Purpose: The value of integrating clinical variables, radiomics, and tumor-derived cell-free DNA (cfDNA) for the prediction of survival and response to chemoradiation of patients with resectable esophageal adenocarcinoma is not yet known. Our aim was to investigate if radiomics and cfDNA metrics combined with clinical variables can improve personalized predictions.

Methods and materials: A cohort of 111 patients with resectable esophageal adenocarcinoma from 2 centers treated with neoadjuvant chemoradiation therapy was used for exploratory retrospective analyses. Models combining the clinical variables of the SOURCE survival model with radiomic features and cfDNA were built using elastic net regression and internally validated using 5-fold cross-validation. Model performance for overall survival (OS) and time to progression (TTP) were evaluated with the C-index and the area under the curve for pathologic complete response.

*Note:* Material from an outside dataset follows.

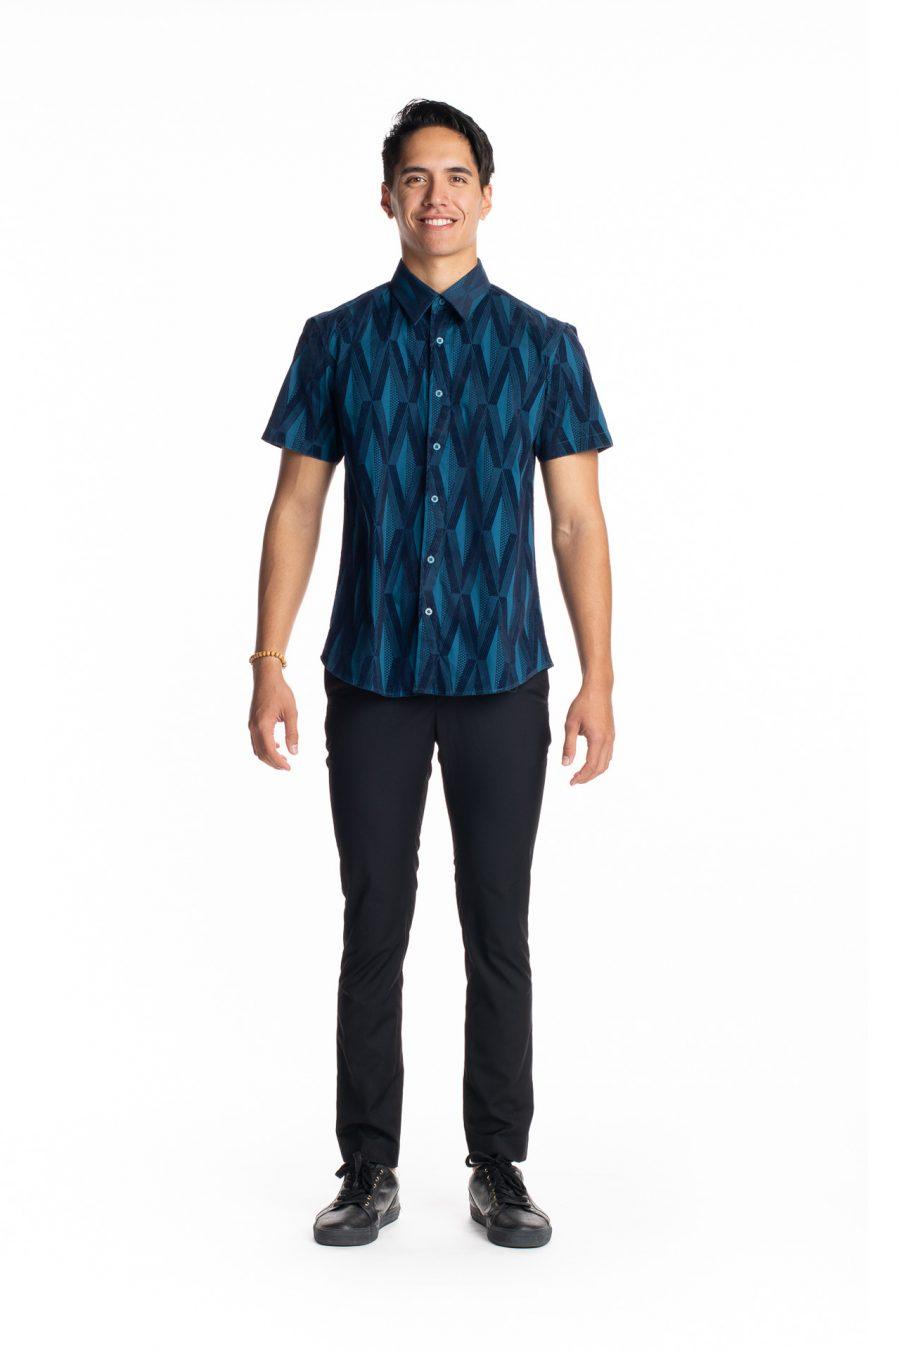 Male Model wearing Aloha Short Sleeve in Teal Kanaloa - Front View

Results: The best-performing baseline models for OS and TTP were based on the combination of SOURCE-cfDNA that reached a C-index of 0.55 and 0.59 compared with 0.44 to 0.45 with SOURCE alone. The addition of restaging positron emission tomography radiomics to SOURCE was the most promising addition for predicting OS (C-index: 0.65) and TTP (C-index: 0.60). Baseline risk stratification was achieved for OS and TTP by combining SOURCE with radiomics or cfDNA, log-rank P < .01. The best-performing combination model for the prediction of pathologic complete response reached an area under the curve of 0.61 compared with 0.47 with SOURCE variables alone.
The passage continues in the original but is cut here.